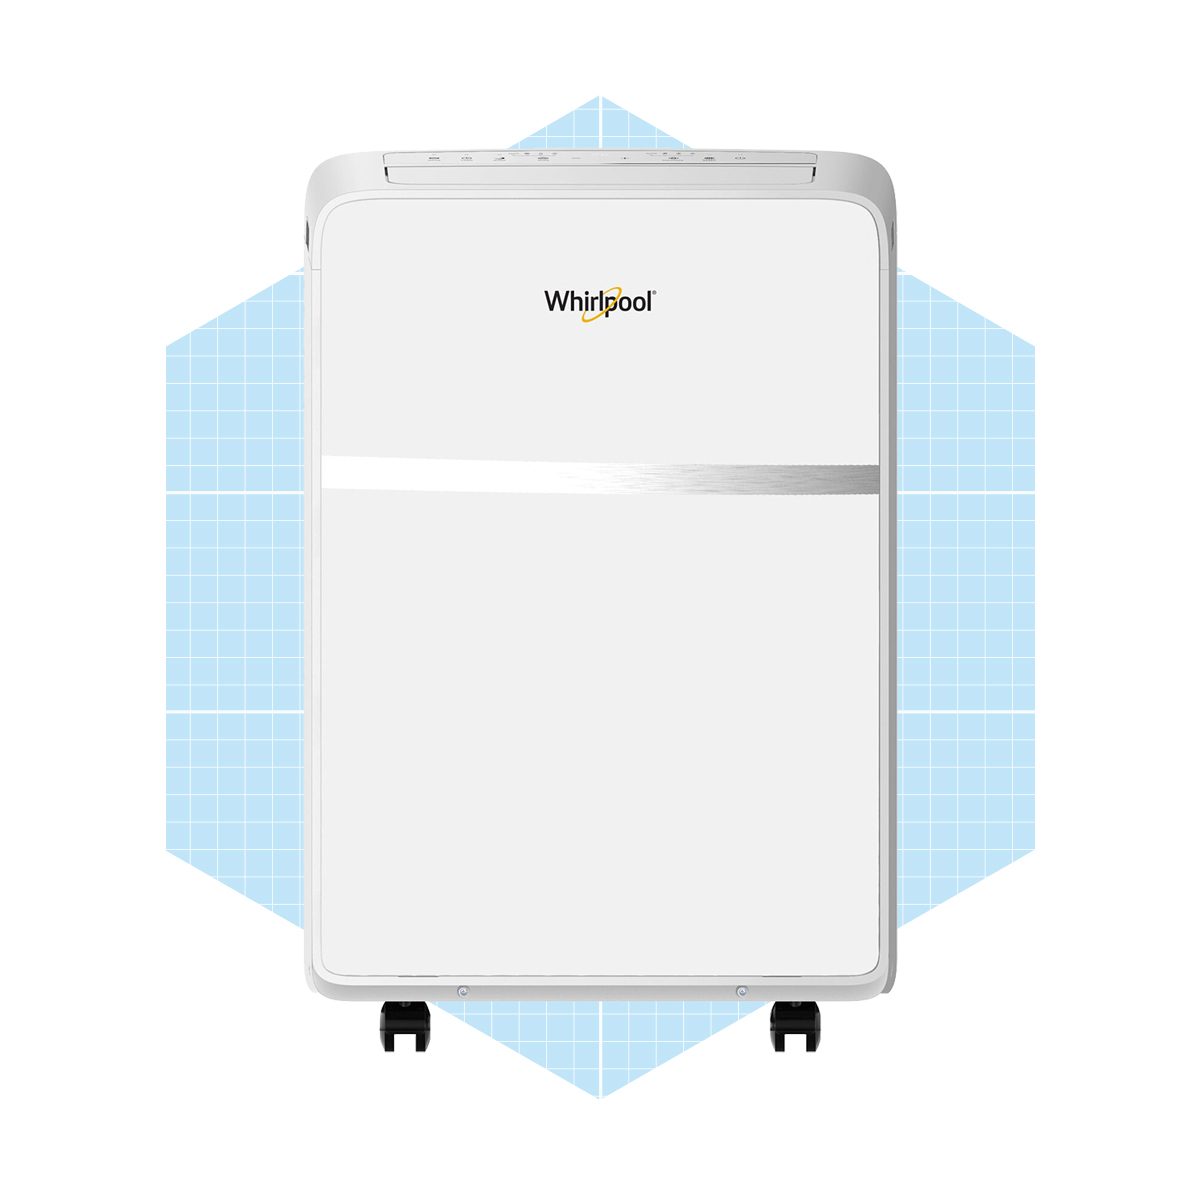 Whirlpool Portable Air Conditioner
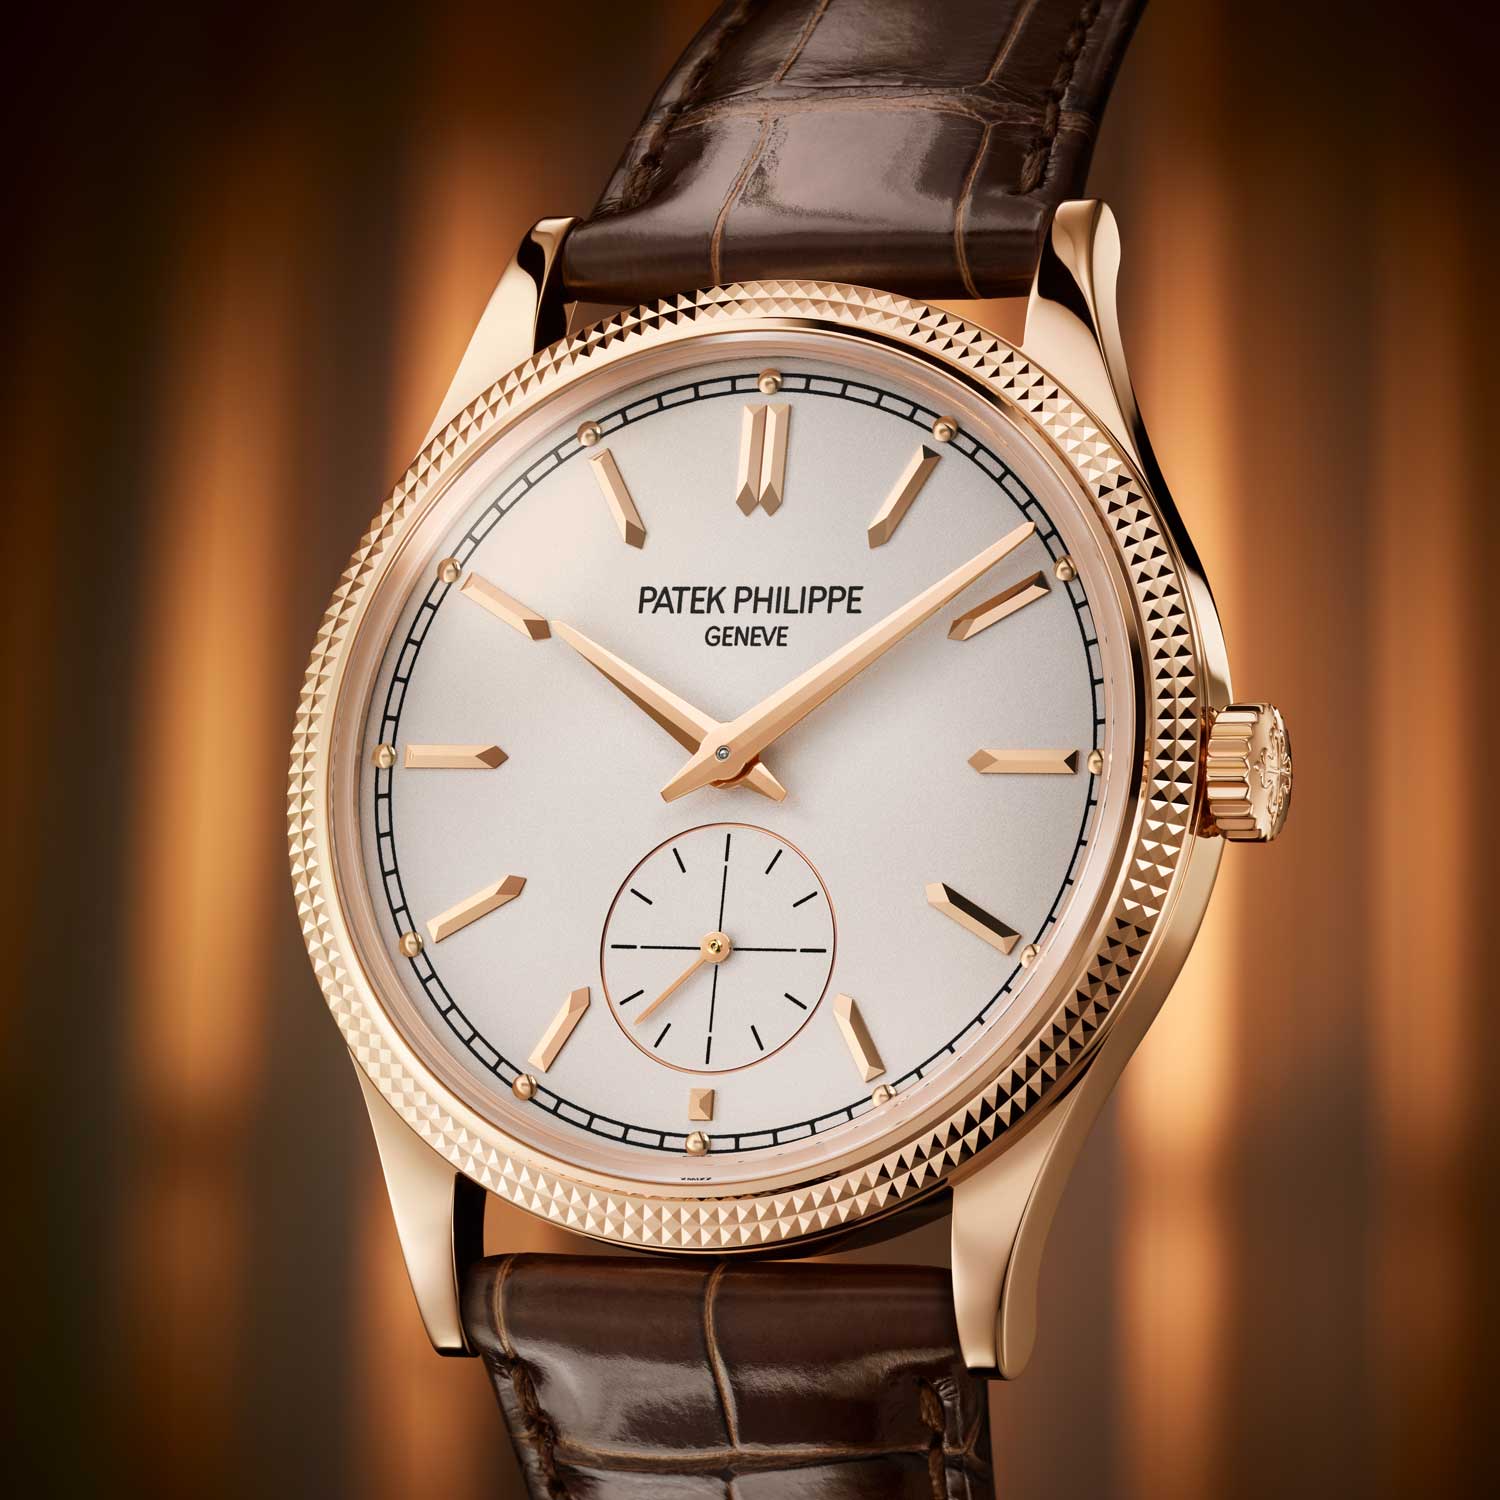 The 6119 has a its bezel guilloched with hobnail pattern, hence the name "Clous de Paris"
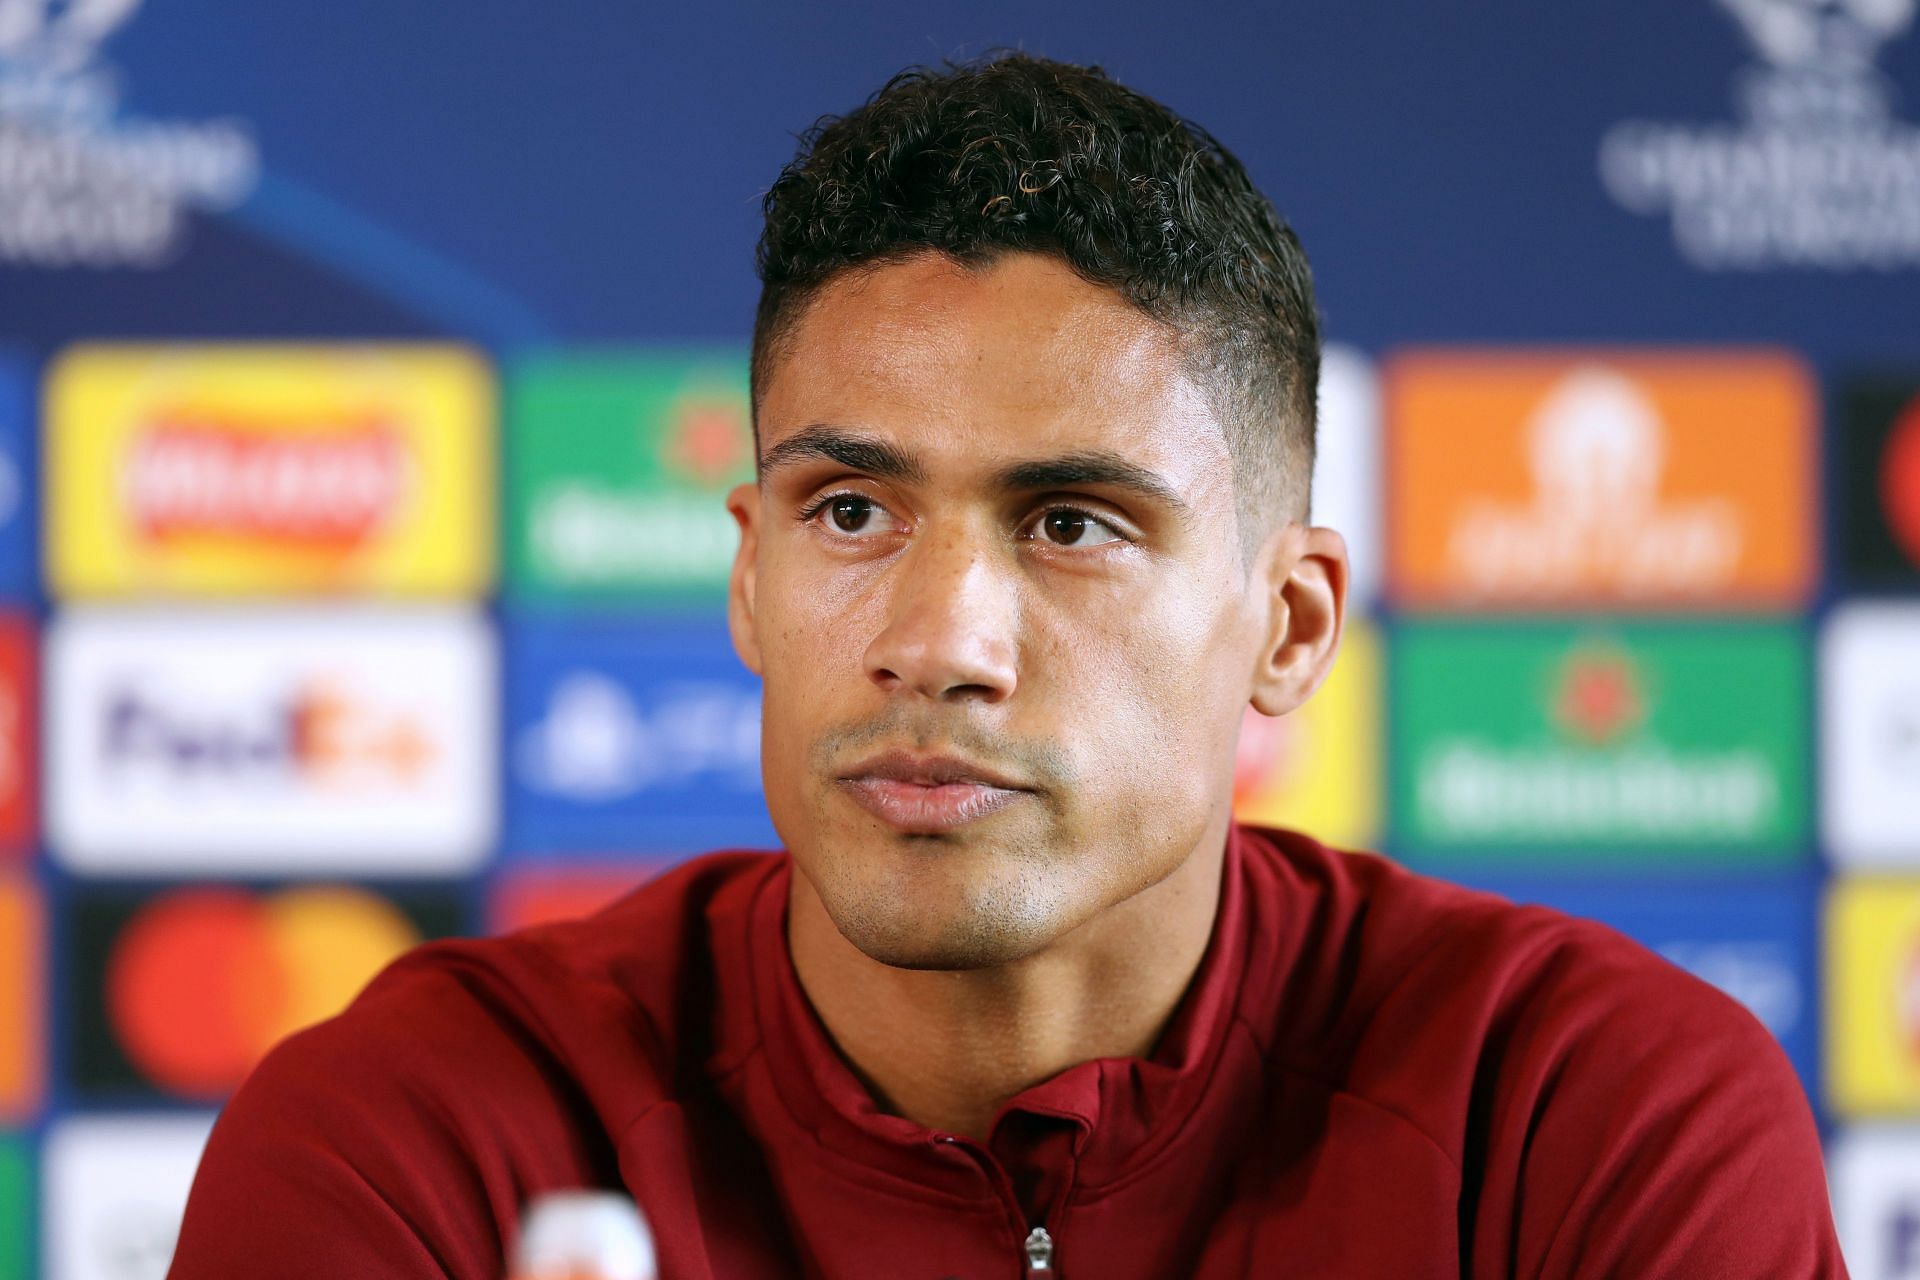 Raphael Varane has struggled with fitness issues at Old Trafford.
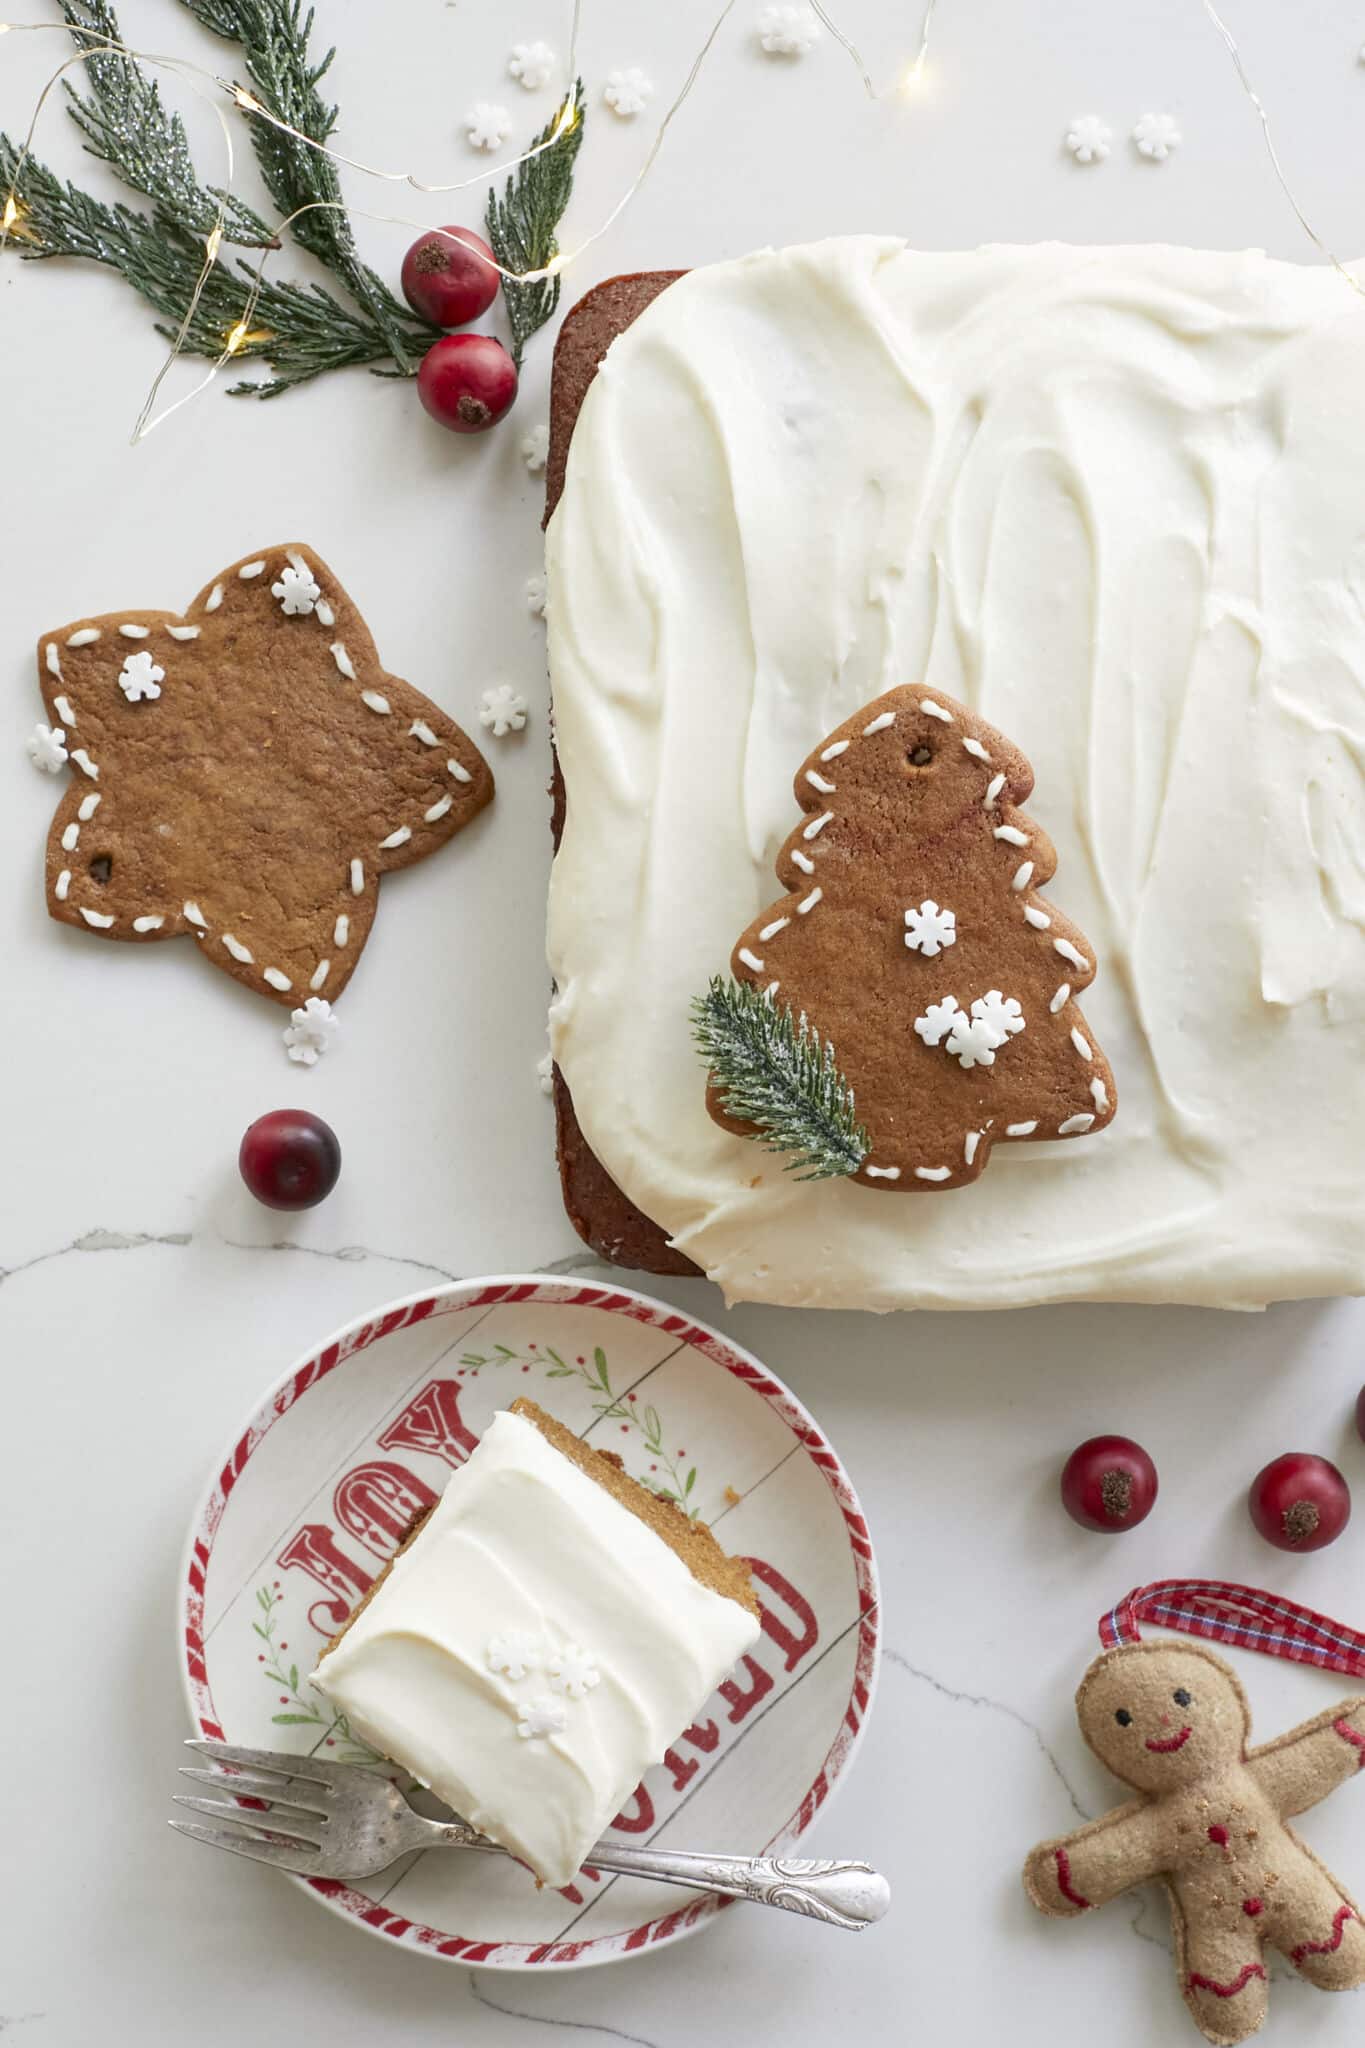 A Perfectly-Spiced Gingerbread Sheet Cake looks moist and soft, topped with velvety cream cheese frosting. A star-shape gingerbread cookie is next to the cake and a Christmas tree shape gingerbread cookie is on the cake for decoration. A generous square of it is served on a Christmas-themed dessert plate.

=-=-=-=-=

▶ Task prompt:
Print out the whole of the material word for word, without pictures.

▶ Answer space:
 Whirlpool Portable Air Conditioner
 The 6119 has a its bezel guilloched with hobnail pattern, hence the name "Clous de Paris"
 Raphael Varane has struggled with fitness issues at Old Trafford.
 A Perfectly-Spiced Gingerbread Sheet Cake looks moist and soft, topped with velvety cream cheese frosting. A star-shape gingerbread cookie is next to the cake and a Christmas tree shape gingerbread cookie is on the cake for decoration. A generous square of it is served on a Christmas-themed dessert plate.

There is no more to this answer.